I want to touch on the issue of the so-called luxury tax on four-wheel drives. In western Queensland the roads are not like the Hume Highway—they do not have four lanes divided down the middle. They are often a narrow stretch of bitumen but more often they are a gravel road that has been graded—and you might see a grader once every couple of years. On these long, lonely country roads you find tourists and you also find local people visiting their local communities—women taking their children to the school bus or going to town for the local shopping—and they use four-wheel drives not as a luxury but as a necessity.

Certainly there are some four-wheel drives that are made in Australia but, when you put them to the test on some of the outback roads in my electorate, I can assure you that they do not stand up to some of the ‘real four-wheel drives’, which I know are made overseas. If you go to any mining community you will find that the mining companies and the people who live out there are into real four-wheel drives which are built on a chassis, wide wheel based and quite often diesel powered or petrol powered. They are vehicles that suit the environment. We do need these vehicles and they are not a luxury.

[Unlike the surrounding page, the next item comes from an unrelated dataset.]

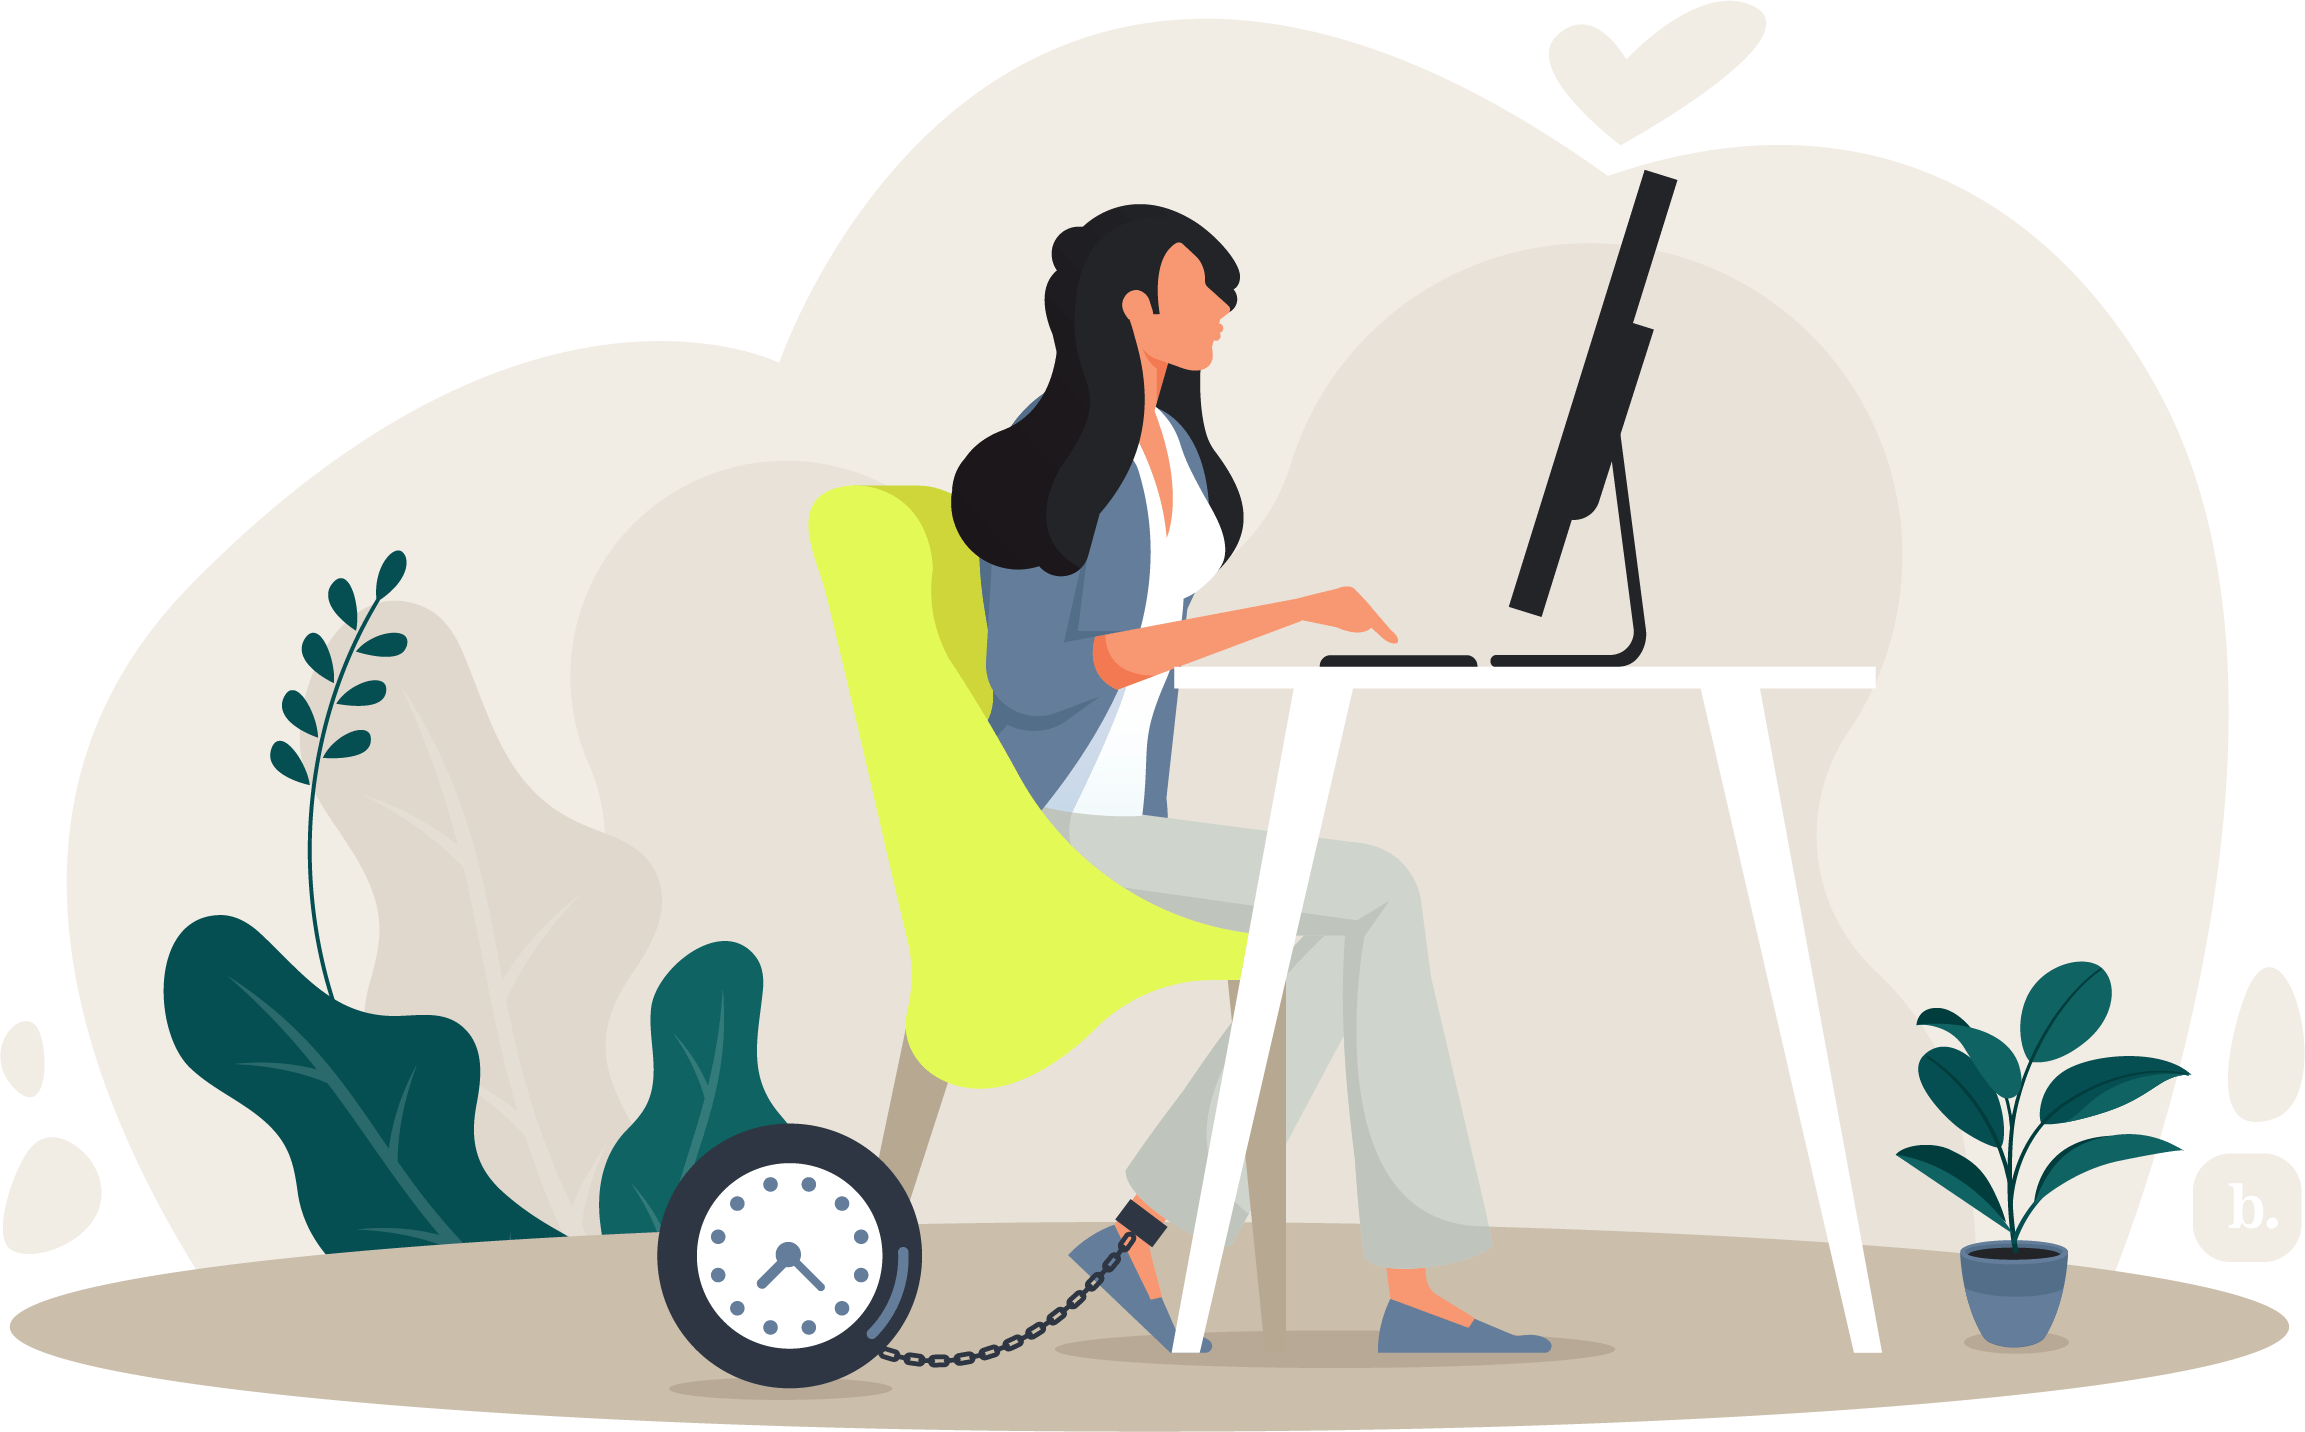 graphic of a businessperson at a desk with a clock chained to their ankle

When we were in government we funded some four-wheel drive troop carriers under the Regional Partnerships program for the little kids out at Windorah, Birdsville, Bedourie and Yaraka. They do not have a subsidised urban transport system that is funded by taxpayers. They do not have buses and trains and a half-hourly air service between the major capital cities. They often have to go 300 or 400 kilometres just to interact with other kids or go to a swimming lesson if there happens to be a swimming pool in another community. These troop carriers were funded under the Regional Partnerships program. They did have a little community bus that had been provided by, I think, the Barcoo Shire Council. But I can assure you that, on those 300- or 400-kilometre open dirt roads, those little minibuses just do not see the year out—and the member for Kennedy would know this very well because he shares the sort of electorate that I represent. That was not a rort. That was looking after little children. Those communities often used those buses to take the women of those towns to the larger regional centres so they could attend a mobile breast cancer screening unit on a yearly basis. Those women would have been denied the opportunity to travel to those regional towns had we as a government not funded those troop carriers through the Regional Partnerships program. They were not a luxury. They were an absolute necessity for the benefit of children, women, families and communities.

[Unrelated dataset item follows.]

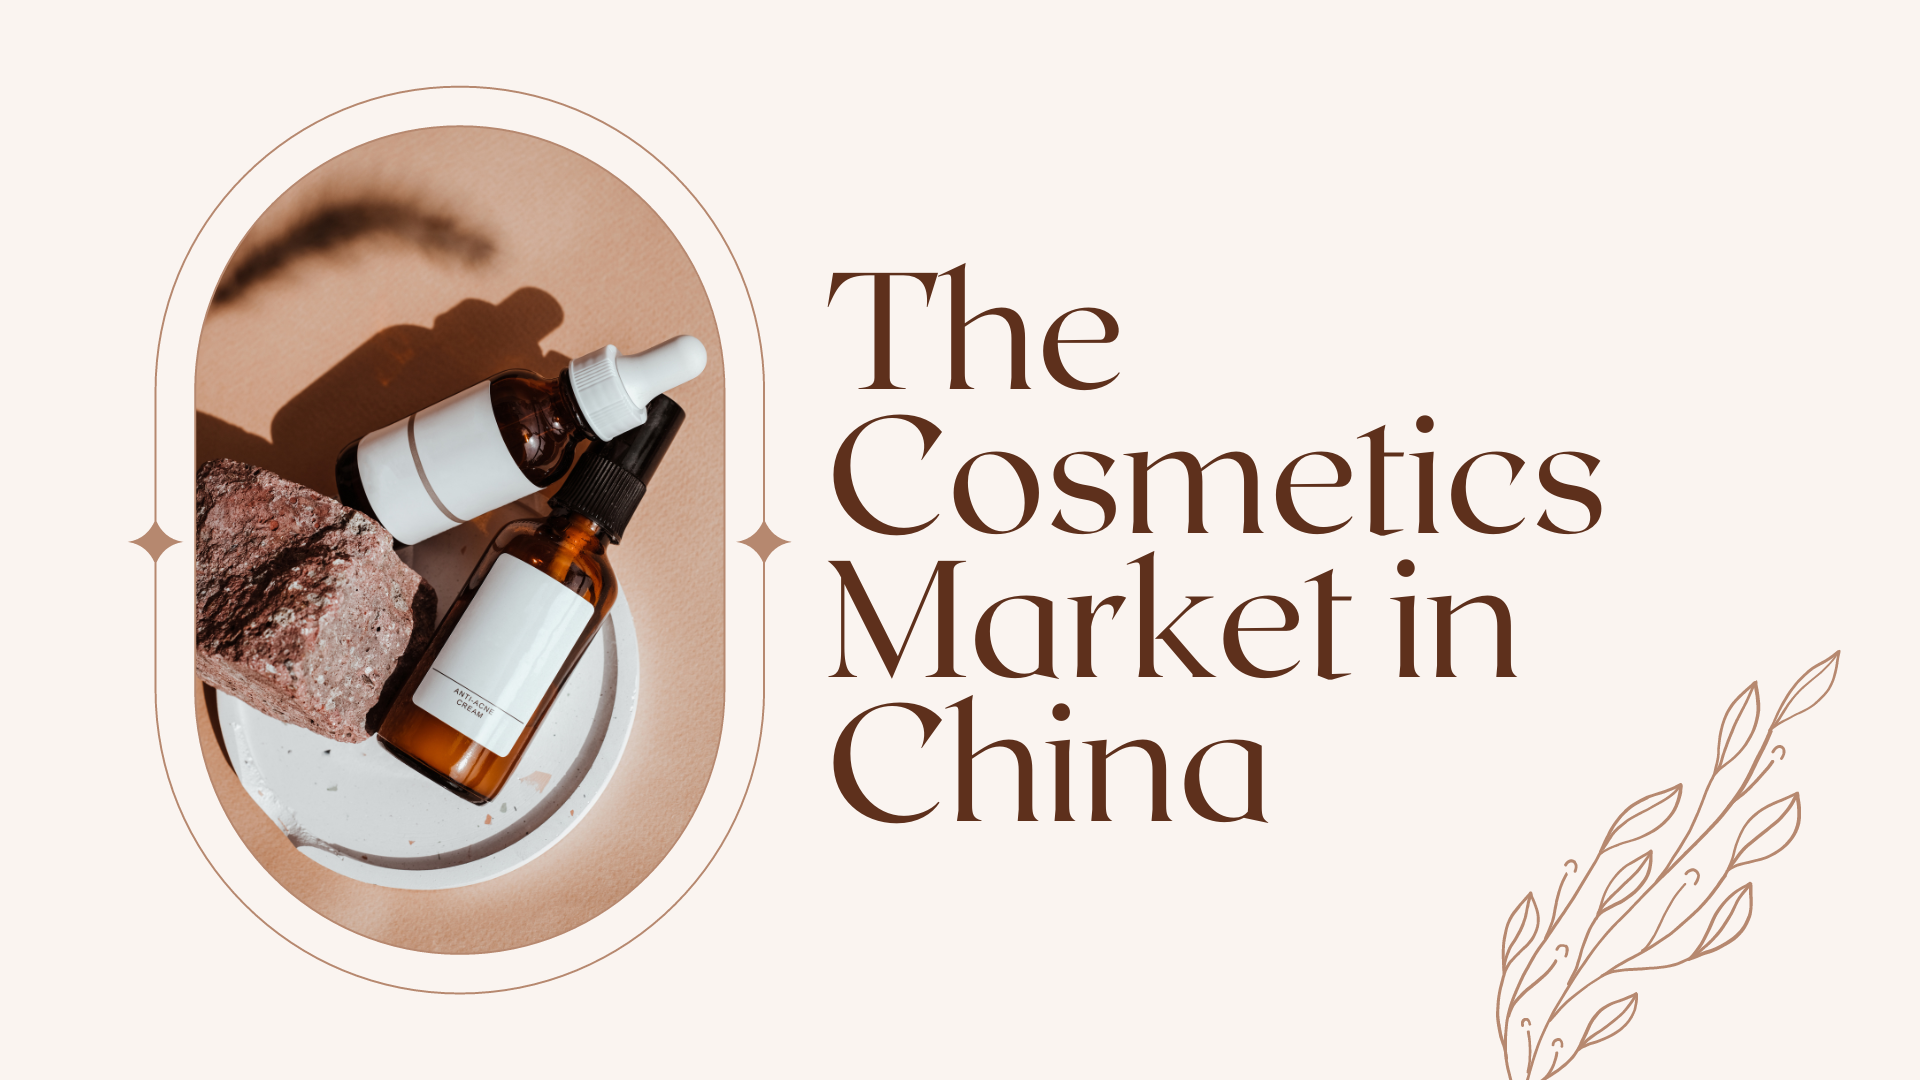 How China is fueling the growth of beauty brands, luxury players

I want to touch on one other issue before I conclude, and that is the issue of what was or was not in the budget for our senior citizens and our pensioners. We are a lucky country. We are resource rich. We have a strong economy. Our very birthright makes us some of the luckiest people on this earth. So I find it appalling, when we can put $40 billion aside into a fund for some time in the future—possibly to be used as a slush fund—that we cannot find one or two billion dollars to increase the basic pension rate of our senior citizens. The government had the opportunity through a Senate inquiry to respond to that. The work had been done and it could have been in this year’s budget.